Let's clear this up: This article isn't geared toward suggesting Chelsea should sign Vardy. Nor is it leaning toward a rumour the club is interested in snapping him up.
What we're identifying is how an in-form striker would have transformed Chelsea's struggling season.
The defeats they have suffered would have been victories, draws turned into wins. The fear factor that has vanished like cigarette smoke would still be prevalent for the reigning champions.
Chelsea haven't been a threat in front of goal all season, and it's exactly that which has been their downfall.
Shortly before he took up residence at the Mestalla as Valencia manager, Gary Neville described Vardy's emergence this term as a "meteoric rise" on Sky Sports' Monday Night Football:
Neville explained:
"The biggest jump in someways is the meteoric rise in the past 12 months. You've got to remember that [Vardy] only scored 20 goals in 63 appearances in the Championship. ... The reports that were coming through were that he was raw, a little bit erratic in front of goal, but lightening quick and was a handful. ... He was unpolished last season. You look at him now and he's a fantastic finisher."
"
Vardy's everything that Costa was, and that's meant Leicester's deficiencies elsewhere have been papered over.

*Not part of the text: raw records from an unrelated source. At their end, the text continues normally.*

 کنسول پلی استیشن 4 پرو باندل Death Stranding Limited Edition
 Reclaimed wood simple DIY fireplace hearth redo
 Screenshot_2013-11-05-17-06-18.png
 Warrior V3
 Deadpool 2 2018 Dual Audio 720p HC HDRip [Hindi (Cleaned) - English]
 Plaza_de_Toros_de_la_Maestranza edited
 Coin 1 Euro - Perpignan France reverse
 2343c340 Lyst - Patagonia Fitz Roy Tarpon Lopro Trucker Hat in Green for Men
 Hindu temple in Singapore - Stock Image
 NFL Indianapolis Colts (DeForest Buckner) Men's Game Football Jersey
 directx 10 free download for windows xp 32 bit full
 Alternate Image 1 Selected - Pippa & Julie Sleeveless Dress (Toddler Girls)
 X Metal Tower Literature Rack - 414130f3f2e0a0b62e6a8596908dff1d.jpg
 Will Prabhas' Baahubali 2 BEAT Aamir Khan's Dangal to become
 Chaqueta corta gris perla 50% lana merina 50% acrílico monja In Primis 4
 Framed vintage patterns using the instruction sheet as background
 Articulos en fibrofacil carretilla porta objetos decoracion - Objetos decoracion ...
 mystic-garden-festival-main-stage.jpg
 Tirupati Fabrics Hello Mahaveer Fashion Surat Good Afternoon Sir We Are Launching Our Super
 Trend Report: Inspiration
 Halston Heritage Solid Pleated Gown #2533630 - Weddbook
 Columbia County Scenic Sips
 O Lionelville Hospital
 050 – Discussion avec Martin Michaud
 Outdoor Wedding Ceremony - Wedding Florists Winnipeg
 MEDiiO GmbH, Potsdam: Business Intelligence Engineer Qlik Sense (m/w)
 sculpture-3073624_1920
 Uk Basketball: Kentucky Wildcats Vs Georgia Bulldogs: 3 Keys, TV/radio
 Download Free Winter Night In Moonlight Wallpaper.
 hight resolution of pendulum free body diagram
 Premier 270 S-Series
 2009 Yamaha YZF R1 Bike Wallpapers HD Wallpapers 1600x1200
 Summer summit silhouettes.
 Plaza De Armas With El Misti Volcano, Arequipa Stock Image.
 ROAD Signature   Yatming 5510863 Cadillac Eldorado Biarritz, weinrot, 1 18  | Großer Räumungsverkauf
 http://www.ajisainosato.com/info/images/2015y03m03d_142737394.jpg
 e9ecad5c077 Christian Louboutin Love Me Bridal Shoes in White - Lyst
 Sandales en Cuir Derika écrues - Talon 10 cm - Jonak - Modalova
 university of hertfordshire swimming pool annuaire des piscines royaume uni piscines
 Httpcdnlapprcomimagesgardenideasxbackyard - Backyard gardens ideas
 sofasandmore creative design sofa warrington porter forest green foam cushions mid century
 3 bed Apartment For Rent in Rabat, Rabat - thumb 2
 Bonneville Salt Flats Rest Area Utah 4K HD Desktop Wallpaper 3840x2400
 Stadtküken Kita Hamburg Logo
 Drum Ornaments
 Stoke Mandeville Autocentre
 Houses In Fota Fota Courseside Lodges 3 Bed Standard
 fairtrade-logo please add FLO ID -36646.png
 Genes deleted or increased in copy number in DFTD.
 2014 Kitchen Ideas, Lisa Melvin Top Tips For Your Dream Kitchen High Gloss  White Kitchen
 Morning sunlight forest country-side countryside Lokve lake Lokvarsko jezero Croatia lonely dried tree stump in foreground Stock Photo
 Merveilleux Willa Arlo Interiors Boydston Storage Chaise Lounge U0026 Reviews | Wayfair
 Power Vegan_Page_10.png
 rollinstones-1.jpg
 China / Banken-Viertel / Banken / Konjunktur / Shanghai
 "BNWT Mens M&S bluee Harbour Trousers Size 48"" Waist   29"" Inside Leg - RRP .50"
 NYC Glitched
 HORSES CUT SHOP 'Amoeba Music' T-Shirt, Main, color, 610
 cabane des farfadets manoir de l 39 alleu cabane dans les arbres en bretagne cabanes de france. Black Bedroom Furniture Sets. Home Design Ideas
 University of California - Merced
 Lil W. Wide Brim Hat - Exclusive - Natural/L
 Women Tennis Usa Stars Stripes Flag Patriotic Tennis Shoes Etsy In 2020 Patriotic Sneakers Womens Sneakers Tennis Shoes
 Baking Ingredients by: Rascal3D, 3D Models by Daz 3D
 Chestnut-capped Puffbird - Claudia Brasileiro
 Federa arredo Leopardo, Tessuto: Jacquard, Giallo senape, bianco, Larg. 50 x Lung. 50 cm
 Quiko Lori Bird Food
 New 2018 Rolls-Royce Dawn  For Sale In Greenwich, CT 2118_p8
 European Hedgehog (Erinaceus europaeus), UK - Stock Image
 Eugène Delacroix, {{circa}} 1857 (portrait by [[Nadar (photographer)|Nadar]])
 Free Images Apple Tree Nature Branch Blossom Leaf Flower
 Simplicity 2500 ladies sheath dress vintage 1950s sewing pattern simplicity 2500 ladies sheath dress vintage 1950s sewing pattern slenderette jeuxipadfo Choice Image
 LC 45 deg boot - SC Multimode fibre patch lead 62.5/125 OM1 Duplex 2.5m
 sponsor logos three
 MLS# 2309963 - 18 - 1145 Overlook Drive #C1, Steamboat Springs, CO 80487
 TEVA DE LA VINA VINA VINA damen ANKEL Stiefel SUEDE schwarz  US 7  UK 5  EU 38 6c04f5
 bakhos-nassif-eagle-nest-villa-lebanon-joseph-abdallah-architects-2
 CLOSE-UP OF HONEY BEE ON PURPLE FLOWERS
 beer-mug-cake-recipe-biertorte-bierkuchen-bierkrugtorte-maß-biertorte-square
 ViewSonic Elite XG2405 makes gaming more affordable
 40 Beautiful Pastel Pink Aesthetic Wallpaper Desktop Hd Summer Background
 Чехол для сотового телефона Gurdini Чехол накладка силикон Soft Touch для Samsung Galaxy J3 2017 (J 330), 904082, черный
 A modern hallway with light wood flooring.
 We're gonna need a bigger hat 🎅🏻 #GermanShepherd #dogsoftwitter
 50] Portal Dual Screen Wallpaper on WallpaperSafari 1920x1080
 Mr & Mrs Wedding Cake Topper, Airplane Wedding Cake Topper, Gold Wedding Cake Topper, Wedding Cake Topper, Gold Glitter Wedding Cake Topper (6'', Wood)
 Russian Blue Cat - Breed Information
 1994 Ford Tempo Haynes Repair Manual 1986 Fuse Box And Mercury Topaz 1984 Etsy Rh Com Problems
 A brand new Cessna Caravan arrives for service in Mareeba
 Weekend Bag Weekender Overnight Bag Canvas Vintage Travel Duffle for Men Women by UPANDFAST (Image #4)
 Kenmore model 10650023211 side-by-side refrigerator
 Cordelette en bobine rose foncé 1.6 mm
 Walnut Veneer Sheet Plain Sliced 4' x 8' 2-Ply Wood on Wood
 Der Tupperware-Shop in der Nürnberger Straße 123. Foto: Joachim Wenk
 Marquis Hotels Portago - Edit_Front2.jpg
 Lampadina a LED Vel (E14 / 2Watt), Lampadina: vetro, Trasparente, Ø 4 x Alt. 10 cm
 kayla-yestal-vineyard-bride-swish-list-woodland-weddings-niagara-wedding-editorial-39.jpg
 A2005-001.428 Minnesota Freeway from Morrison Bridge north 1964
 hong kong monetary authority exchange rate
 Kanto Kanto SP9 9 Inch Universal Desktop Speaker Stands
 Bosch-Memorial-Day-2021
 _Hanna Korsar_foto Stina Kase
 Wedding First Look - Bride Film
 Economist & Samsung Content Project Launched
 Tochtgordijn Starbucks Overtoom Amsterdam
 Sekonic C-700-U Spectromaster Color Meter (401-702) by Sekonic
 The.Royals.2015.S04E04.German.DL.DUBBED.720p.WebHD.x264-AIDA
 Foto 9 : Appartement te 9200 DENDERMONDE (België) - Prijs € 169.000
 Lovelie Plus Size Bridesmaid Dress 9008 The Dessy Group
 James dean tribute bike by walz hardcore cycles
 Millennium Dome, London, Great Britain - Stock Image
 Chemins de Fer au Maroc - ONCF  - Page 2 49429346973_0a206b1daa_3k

It's a factor Ranieri has openly discussed himself, lamenting the fact that his team has struggled to keep clean sheets.
His offering of free pizza every time his players shut out the opposition has been a source of humour for many, yet there is a serious point the manager has tried to get across.
Leicester may well have topped the table this term—and on current form look to be mounting a credible title challenge—but defensively they have been found wanting.

They have kept just three clean sheets in the league all season. Despite being 15th heading into Monday's encounter, Chelsea have kept four.
The importance of Vardy becomes clearer still when we consider the goals the Foxes have conceded. Their 21 is just three shy of Chelsea's.
Mourinho's men have had their own problems at the back, but with no striker, they haven't been able to mask them.
Leicester's defensive record is the worst in the Premier League's top 10. In the league as a whole, only seven teams have conceded more.
Defensively, that's not championship-winning form. It's midtable at best, especially when we consider that Chelsea shipped just 32 over the course of 2014/15.
Considering those all-important goals scored, however, no teams better it.
It tells us that so long as Vardy—and Riyad Mahrez, let's not forget—keeps scoring goals, this anomaly with Leicester will long continue.

That pair are doing for Leicester what Costa and Eden Hazard did for Chelsea. And now Mourinho's stars are not providing the same level of threat—the defensive frailties are becoming ever more amplified.
To remind us of Costa's tally in mid-December last year, those extra 10 goals added to his return this season would put the Blues level with Arsenal on 27 goals.
Suddenly the 24 they have conceded don't appear as bad. It would mean they are at least coping, which we know they aren't.
Of course, Vardy is about much more than goals. As Neville highlighted in his superb analysis of his form this season, the intensity and commitment he's provided has played a big part in Leicester being capable of playing football in the right areas.
It's from there where the goals have come, and despite what's going on at the back, Leicester have outscored their opponents.
Were Vardy performing to those same levels in a Chelsea shirt, we wouldn't be talking about a potential relegation scrap. The top four would be on, and Chelsea's entire season would look very different.